News
Fish Wins Summary Judgment for Cadence Design Systems
November 8, 2007
On November 8th 2007, the United States District Court for the Northern District of California granted summary judgment to Fish client Cadence Design in the case of Cadence versus Narpat Bhandari and Vanguard System, Inc. At issue in the case is ownership of a patent related to electronic design automation (“EDA”) used in the design, emulation and fabrication of integrated circuits. EDA technology is critical to the semiconductor-based Silicon Valley economy.

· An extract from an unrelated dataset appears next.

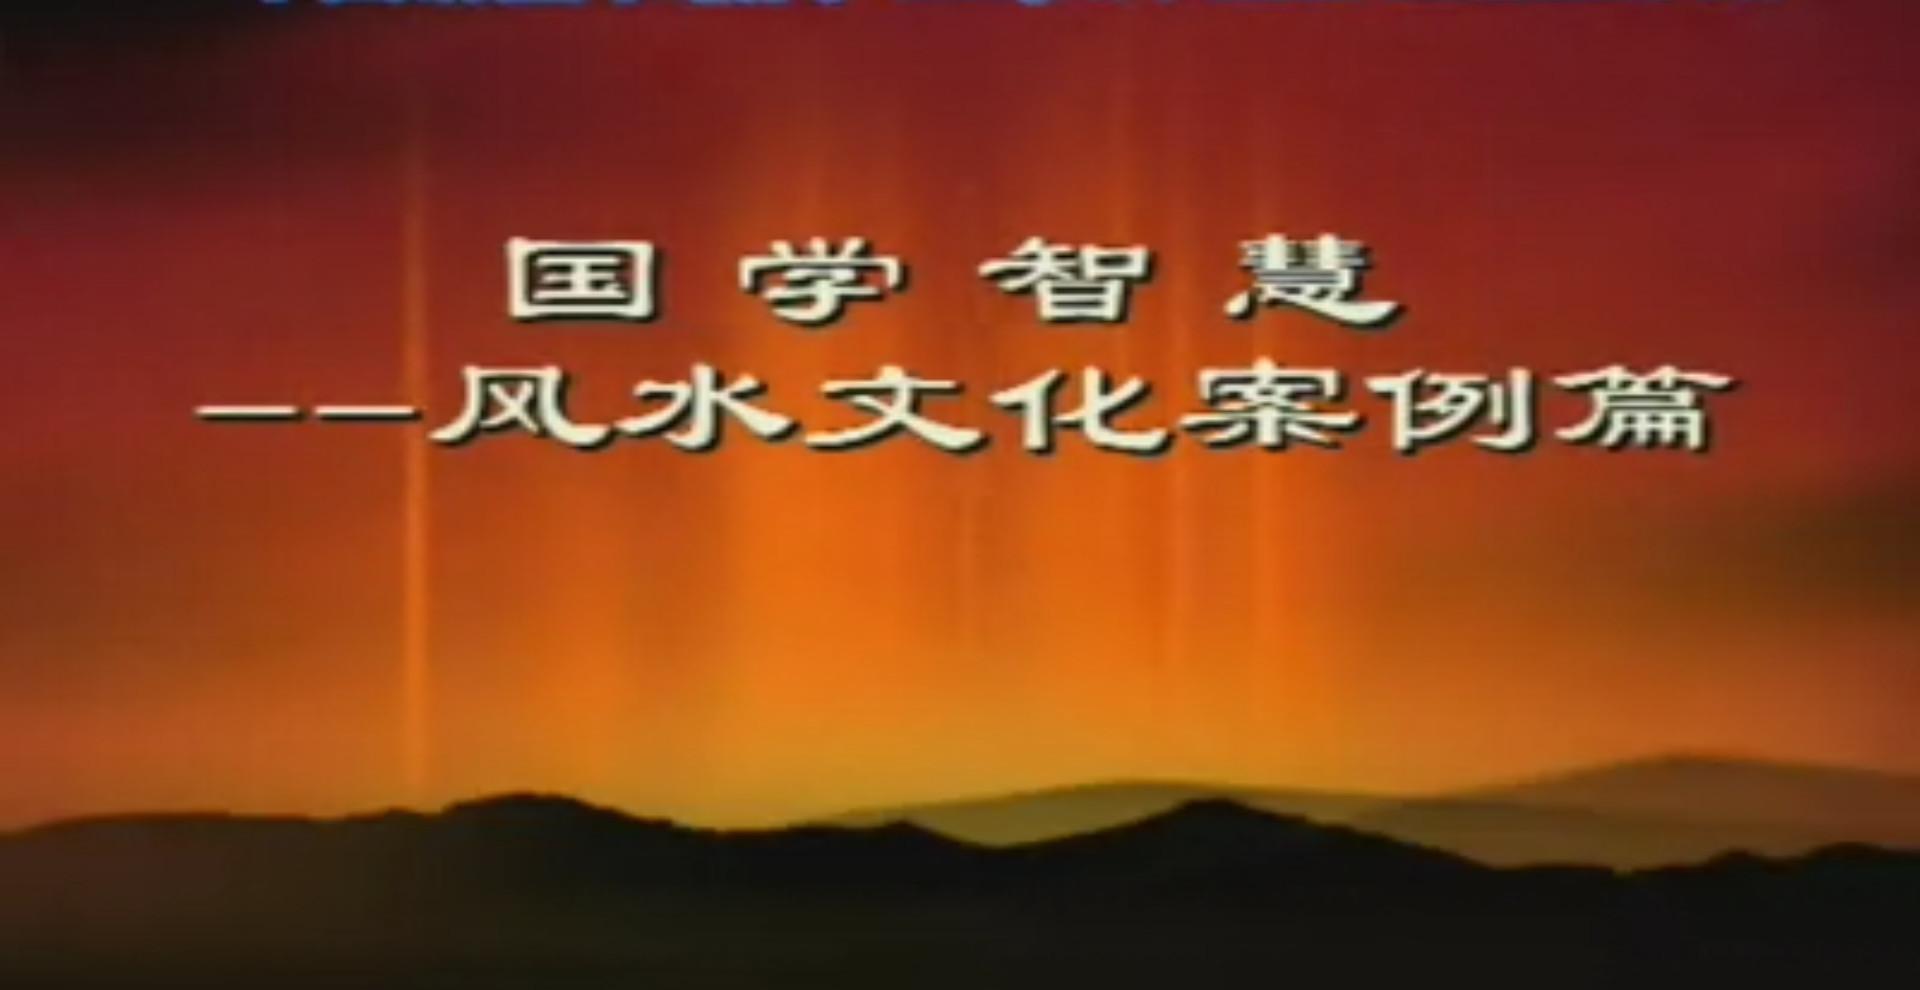 于希贤-国学智慧-风水文化:案例篇-要福利,就在第一福利!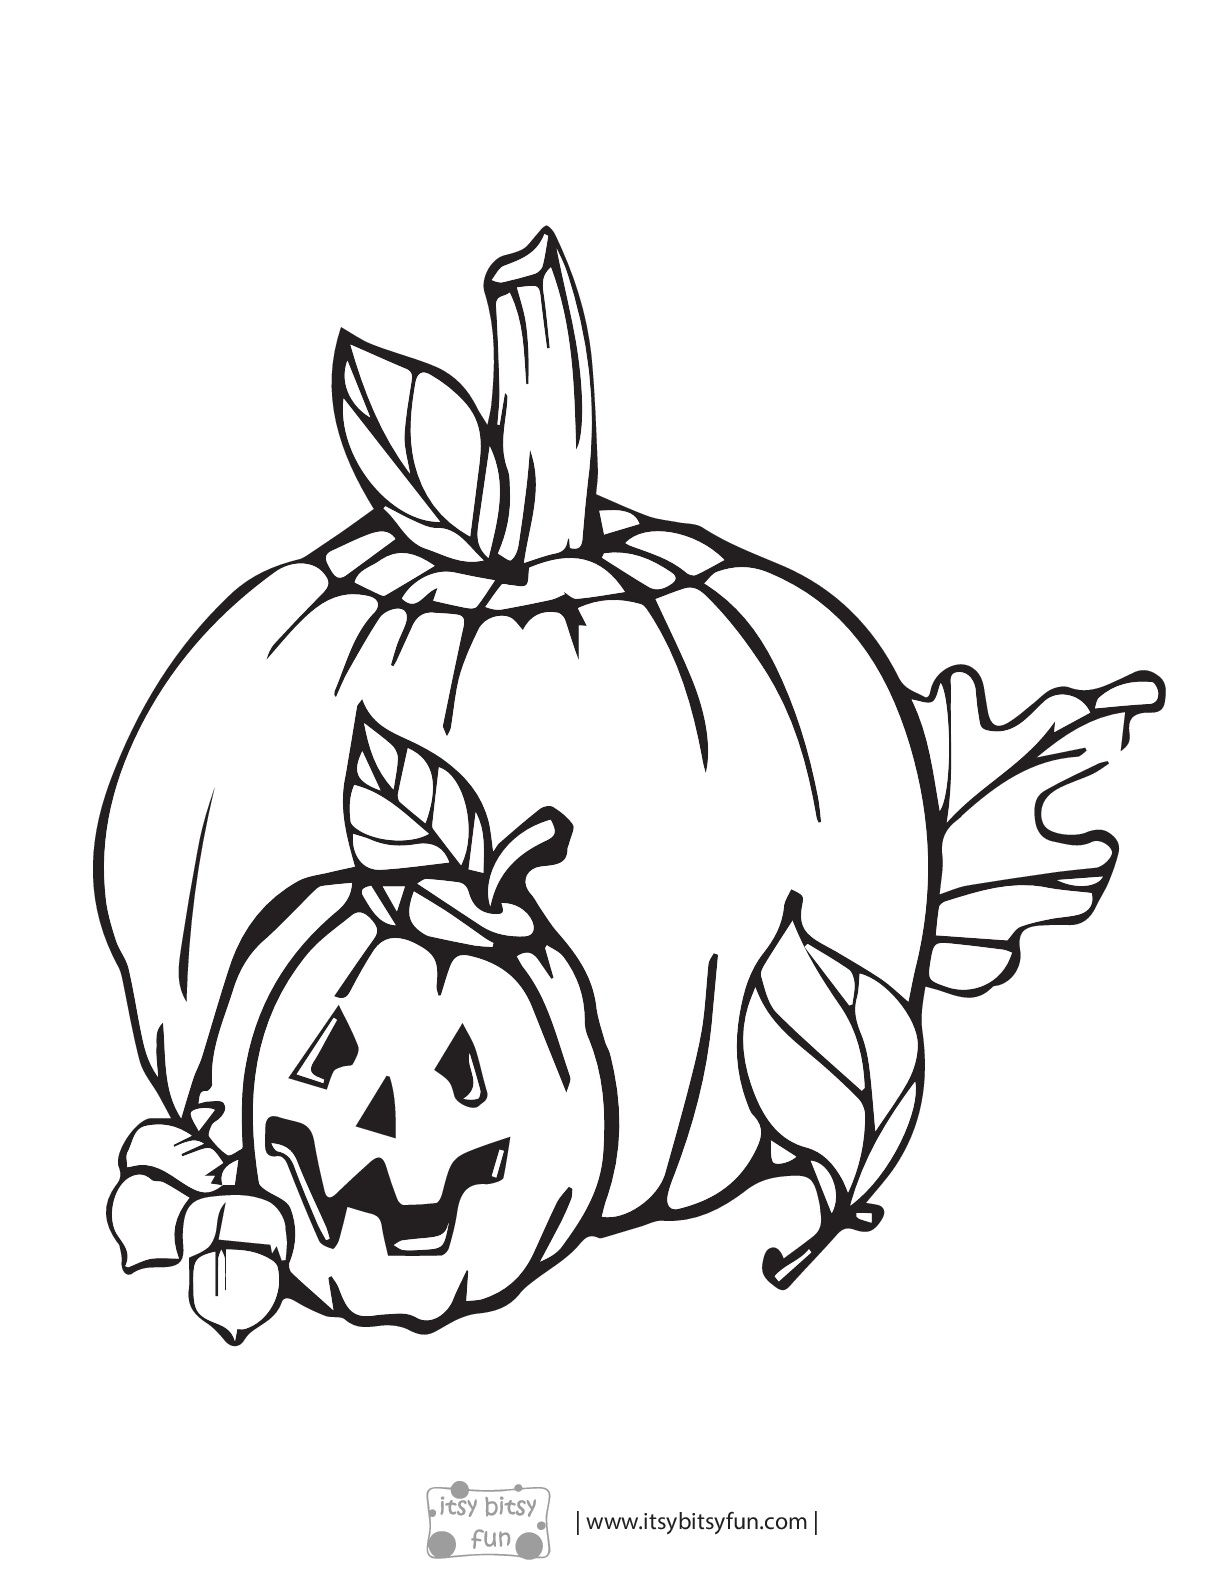 Pin Von Katya Osinskaya Auf Coloring Prazdniki Herbst Ausmalvorlagen Malvorlagen Halloween Ausmalbilder

The memorandum and order by Judge Marilyn Hall Patel granted the Fish client’s summary judgment on the issue of patent ownership and dismissed defendants’ counterclaims. The court found that the patent in question, for a system originally conceived of by an employee of Silicon Valley based LSI Logic, Inc. (not a party to the action), was in fact the property of LSI Logic and had been properly licensed to the plaintiffs in this matter. The court analyzed the inventor’s Invention Agreement with LSI in the context of California Labor Code section 2870 and agreed with Fish & Richardson’s arguments with regard to the scope of the subject matter assigned to LSI under the Invention Agreement. The court found specifically that “the scope of the Invention Agreement is coextensive with the scope of section 2870 [of the California Labor Code] – the Agreement assigns to LSI all inventions that section 2870 does not specifically prohibit.”
By granting the motion establishing ownership of the patent in question and dismissing defendants’ counterclaims, the decision substantively ends the case on the merits in favor of Cadence and its co-parties. The Court has set a status conference to determine if any additional proceedings are necessary before entering final judgment.